Task description
Start at the line in the entries below that contains "Alias P46 AluZen", stop at the line that contains "Modular element with", and output exactly the lines in that span, both ends included.

Information provided
-------

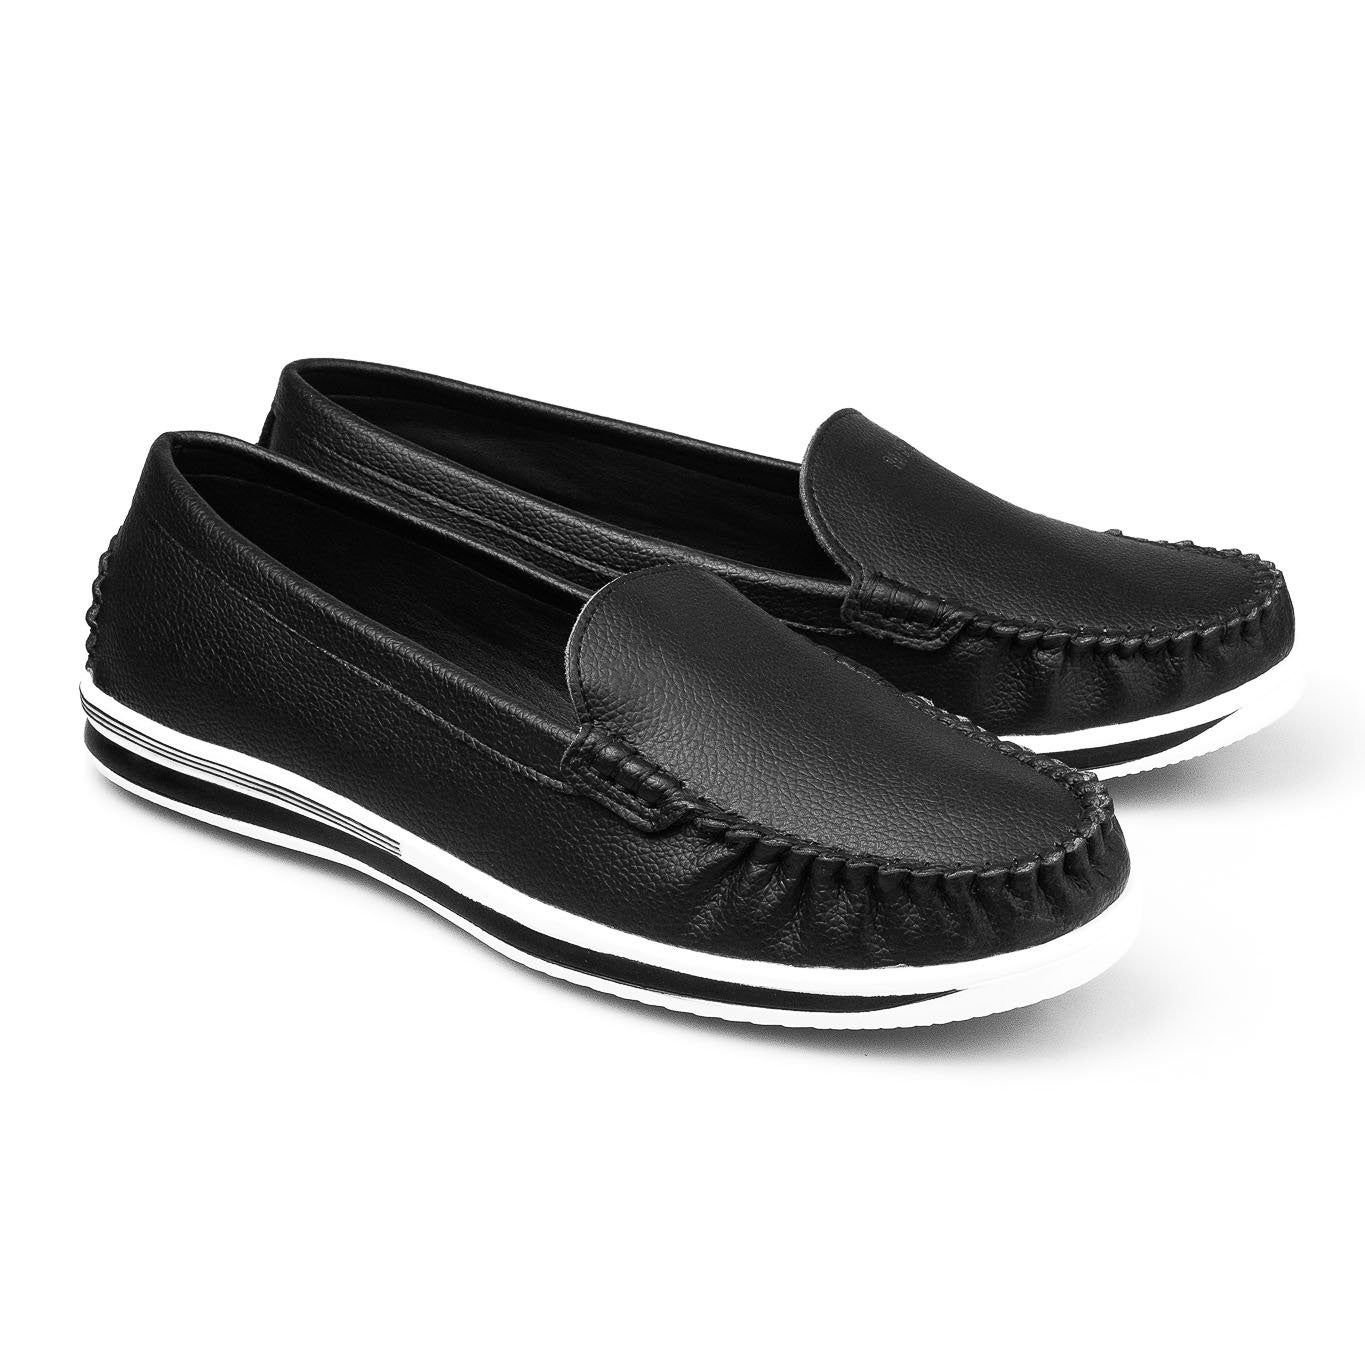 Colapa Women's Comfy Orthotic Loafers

-------

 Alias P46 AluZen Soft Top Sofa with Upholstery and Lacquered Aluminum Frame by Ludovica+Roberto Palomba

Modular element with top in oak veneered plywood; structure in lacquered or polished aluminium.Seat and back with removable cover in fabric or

-------

Response
 Alias P46 AluZen Soft Top Sofa with Upholstery and Lacquered Aluminum Frame by Ludovica+Roberto Palomba

Modular element with top in oak veneered plywood; structure in lacquered or polished aluminium.Seat and back with removable cover in fabric or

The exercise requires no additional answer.